KRONOS (Kohn-Residual Optimized Numerics Over Silicon) is a research-grade, ab initio plane-wave pseudopotential DFT engine targeting periodic crystalline systems. It solves the Kohn-Sham equations self-consistently using norm-conserving pseudopotentials, LDA and GGA exchange-correlation functionals, and a GPU abstraction layer for CUDA/HIP offloading. This page describes the outputs, scope, and internal conventions of the engine before diving into the SCF flowchart, component diagram, and algorithms in subsequent pages.

KRONOS (Kohn-Residual Optimized Numerics Over Silicon) is a research-grade, ab initio plane-wave pseudopotential Density Functional Theory (DFT) engine. It solves the Kohn-Sham equations self-consistently to compute:

  • Ground-state total energy and its decomposition (kinetic, Hartree, XC, local PP, nonlocal PP, Ewald ion-ion)
  • Kohn-Sham eigenvalues and band structure
  • Electron density on real-space and reciprocal-space grids
  • Hellmann-Feynman ionic forces
  • Density of states

KRONOS targets norm-conserving pseudopotentials (NCPP) with LDA and GGA exchange-correlation functionals. It reads standard UPF v2 pseudopotential files and YAML input, and writes JSON summaries and HDF5 binary output.

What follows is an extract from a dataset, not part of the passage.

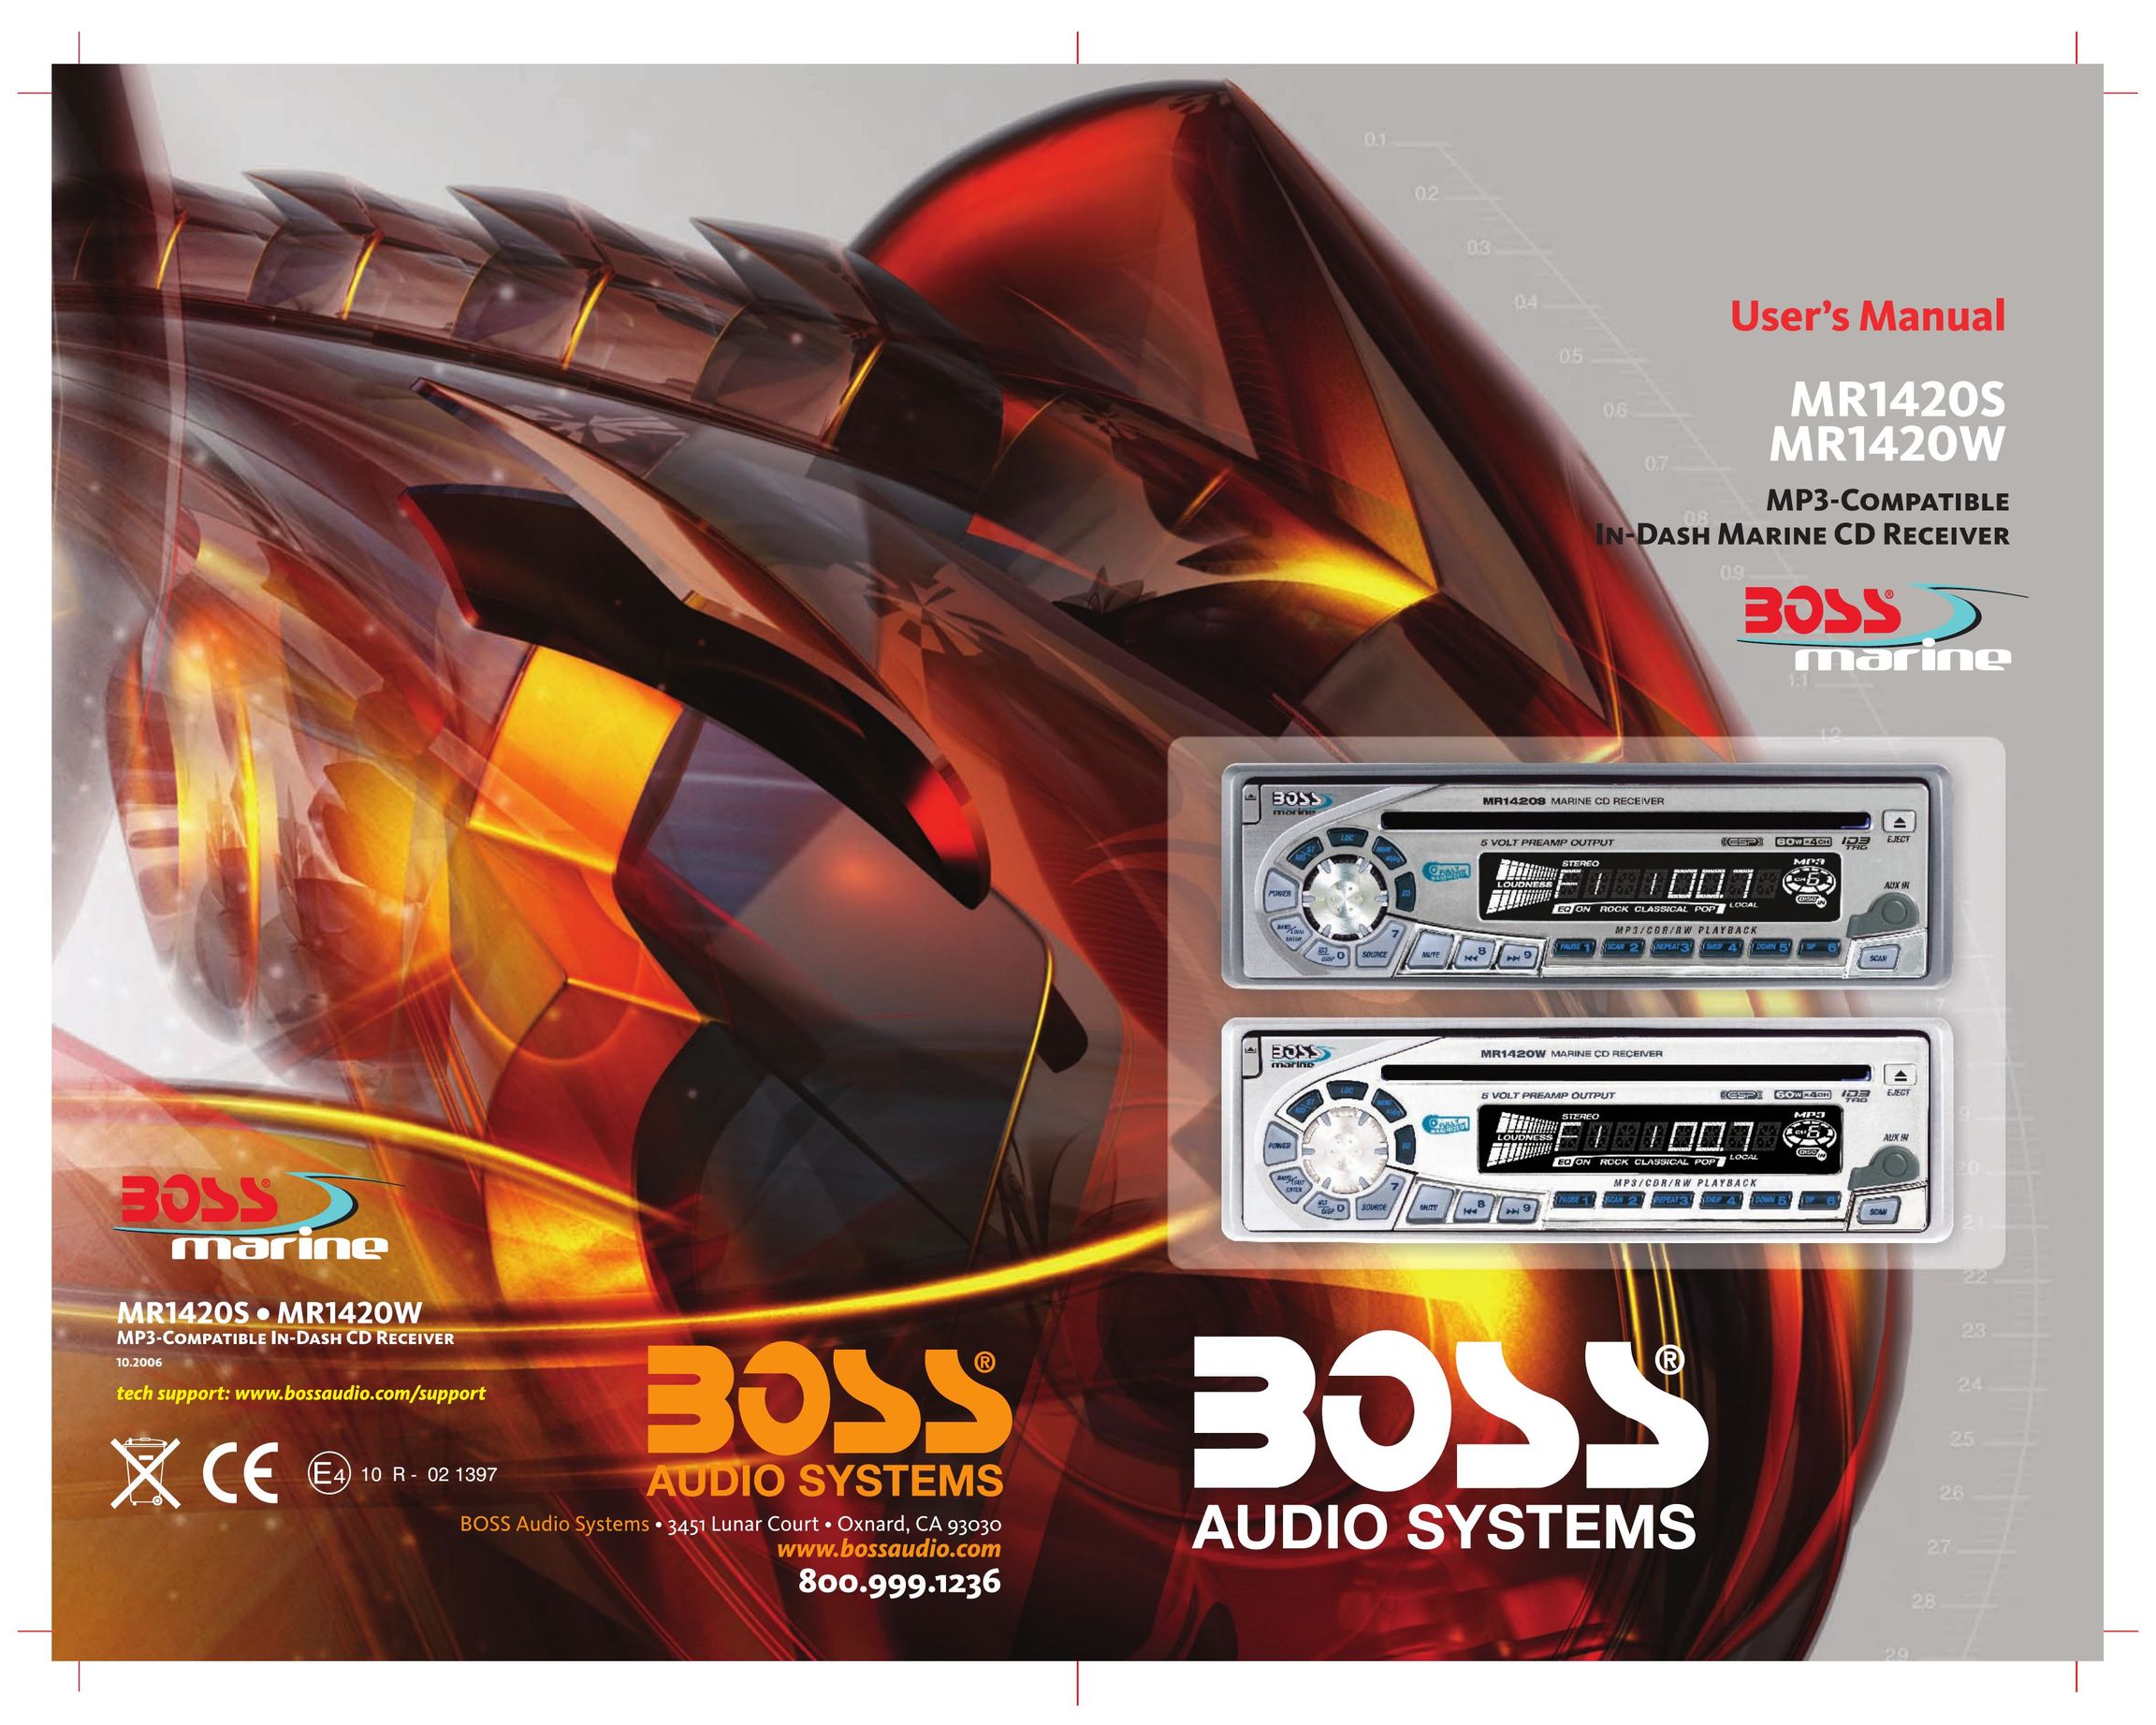 Boss Audio Systems MR1420W Carrying Case User Manual

Within the DFT ecosystem, KRONOS occupies the same niche as Quantum ESPRESSO's PWscf module -- a plane-wave code operating in reciprocal space with periodic boundary conditions. It is designed for periodic crystalline systems (bulk solids, surfaces, 2D materials with vacuum padding) using the pseudopotential approximation to replace core electrons.

All internal quantities use Rydberg atomic units (energies in Ry, lengths in bohr). The code is written in C++20 with a GPU abstraction layer for future CUDA/HIP offloading.